Comment vous est venue cette veine littéraire ?
Depuis l’école j’étais une pure littéraire, considérée comme telle et envoyée sans autre forme de procès représenter l’établissement dans les concours littéraires. J’ai par la suite fait des études de droit, matière que j’enseigne à l’université et, un jour que j’étais avec Samir Kassir dans un café, lui racontant un dîner auquel j’avais assisté la veille, je constate qu’il rit aux éclats et me dit « mais tu devrais écrire ! ». Le lendemain, sans trop y croire et toute tremblante, je lui donne un texte qu’il publie aussitôt dans l’Orient express dont il était le rédacteur en chef. J’ai donc continué à croquer mes contemporains et nous avons rassemblé les articles dans un recueil intitulé Frimes et autres délits. Il s’agissait surtout du Liban de l’après-guerre. Puis l’Orient express s’est arrêté et le drame de la mort de Samir Kassir est survenu.
C’est alors que vous commencez votre collaboration avec l’Orient littéraire ?
En effet et au départ, ma rubrique ne faisait pas forcément l’unanimité parce qu’elle était considérée plutôt comme socio-culturelle que purement littéraire, ce qui a suscité un petit débat.
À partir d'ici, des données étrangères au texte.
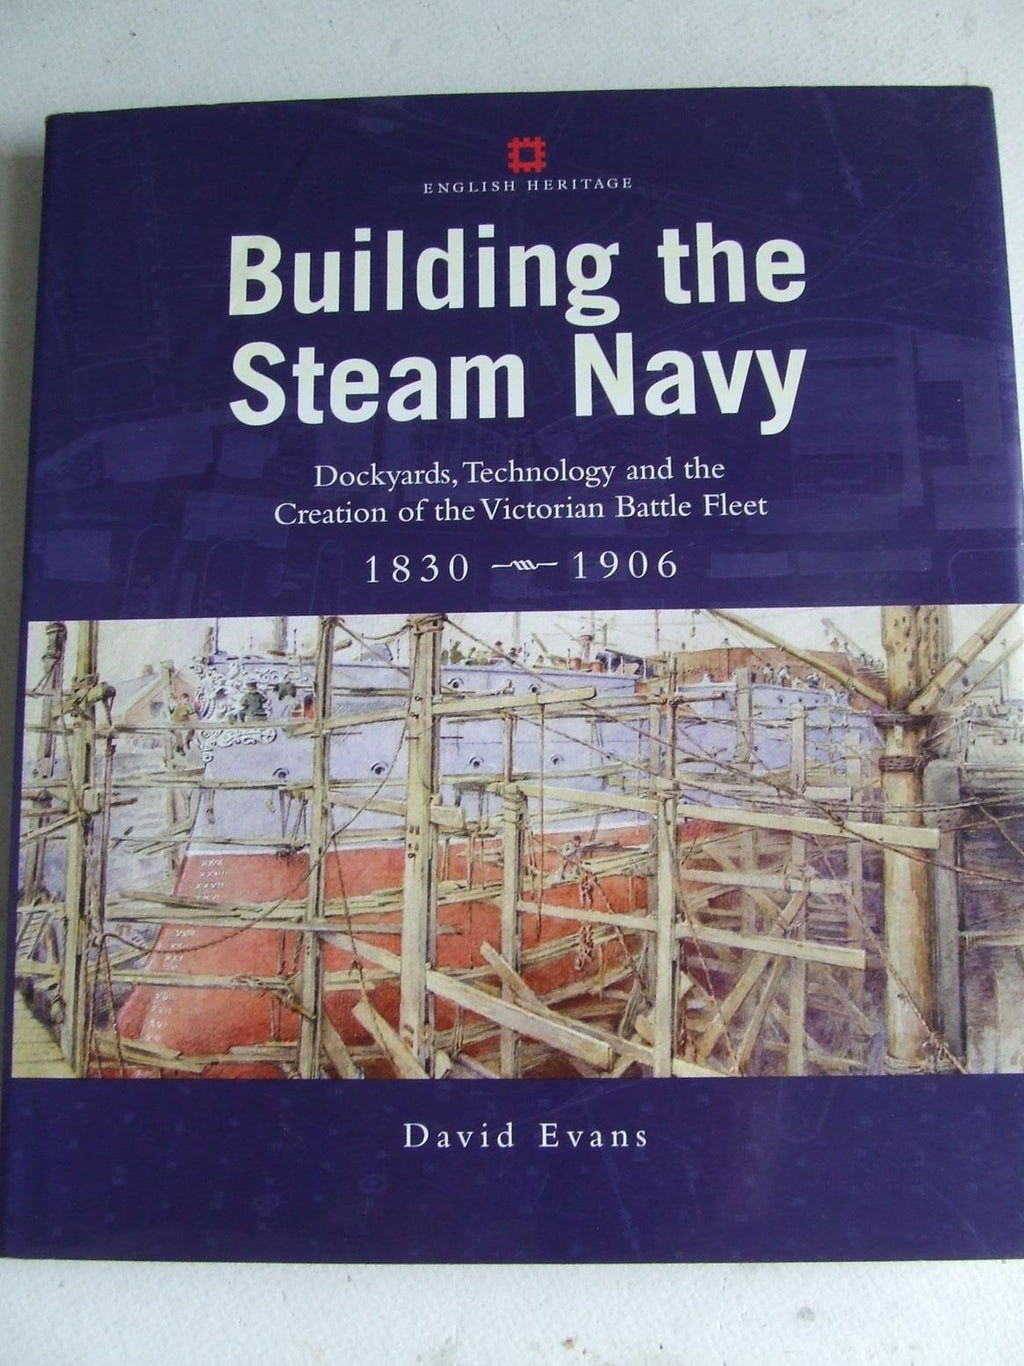 Building the Steam Navy

J’ai donc commencé à publier en 2010 et, en 2019, je me suis aperçue que j’avais plus d’une centaine de textes à mon actif et que, contrairement à mes craintes, ils ne présentaient pas de redondance.
En 2019 que vous décidez de rassembler les textes en un ouvrage ?
Oui et il était prêt pour le salon du livre 2019 qui, comme vous le savez n’a jamais eu lieu. Je l’ai pris comme un signe prémonitoire : la thaoura allait balayer cette société considérée comme superficielle que je décris. C’était comme un signe d’une déliquescence annoncée, l’insouciance n’est plus de mise, la vie d’antan n’existe plus.
Vos textes ont une action thérapeutique ?
Si vous le dites ! Ils visent en tout cas à nous sortir du trio infernal Journal télévisé-mauvaises nouvelles-déprime, qui nous mine au quotidien.
Qu’est-ce qui vous inspire ?
Ce n’est pas absolument pas une œuvre d’imagination (je n’en ai pas !) mais une captation, avec une ironie tendre, des petits travers du quotidien. Ce sont des billets courts et incisifs qui décrivent une situation (que j’ai en général vécue). Il n’y a pas ici de volonté moralisatrice ou de dédain vis-à-vis d’une société dont je fais partie et qui est en voie de disparition.
L’ouvrage est illustré ?
Oui et par une merveilleuse artiste que vous connaissez sûrement, Zeina Abirached. Elle a créé un personnage appelé « La Chaoulette » qui me ressemble étrangement, qui porte collier de perles et lunettes ! Les illustrations apportent beaucoup de pétillant et de gaité à l’ensemble.
A part la société dont vous parodiez très humoristiquement les traditions, y a-t-il d’autres catégories sociales dont vous parlez ?
Une catégorie sociale gonflée de son importance, celle des « artisans-filous », comme par exemple le plombier qui m’annonce avec morgue, qu’il est chez le ministre et qu’il n’a absolument pas le temps de gérer les problèmes secondaires liés à ma petite personne ou bien les personnages de ménagères déplacées de leur montagne natale ou encore les vieux beyrouthins qui vivent dans des bicoques lorgnées par les promoteurs immobiliers vénaux.
Certains de vos textes sont carrément nostalgiques, d’autres plus caustiques ?
Pour la partie nostalgie, ce sont surtout ceux qui ont trait à l’exil de la jeunesse, à la douleur des mères et puis aussi au vieux Liban, aux rituels d’antan. Mais pour la partie plus ironique, je m’en prends aux effets de modes, à la folie des voyages exotiques, aux acronymes auxquels on ne comprend plus rien, aux idées reçues, aux gens qui pérorent sans vraiment savoir de quoi ils parlent. D’ailleurs je cite souvent Beckett à mes étudiants : « Puisse toute chose dite habituelle vous inquiéter ».
Comment se présente l’ouvrage ?
En trois parties intitulées respectivement : Autant en rire, Ou même en pleurer, Je pense comme je suis. Une fois les articles regroupés en thèmes, ils prennent sens, et se regardent d’un autre œil beaucoup plus sociologique.
A savoir
Clin d’œil par Nada Chaoul (édition l’Orient des livres) Présentation et séance de dédicace le 17 décembre 2021 à 16h à l’hôtel Gabriel à Achrafié. L’ouvrage sera ensuite disponible dans les librairies.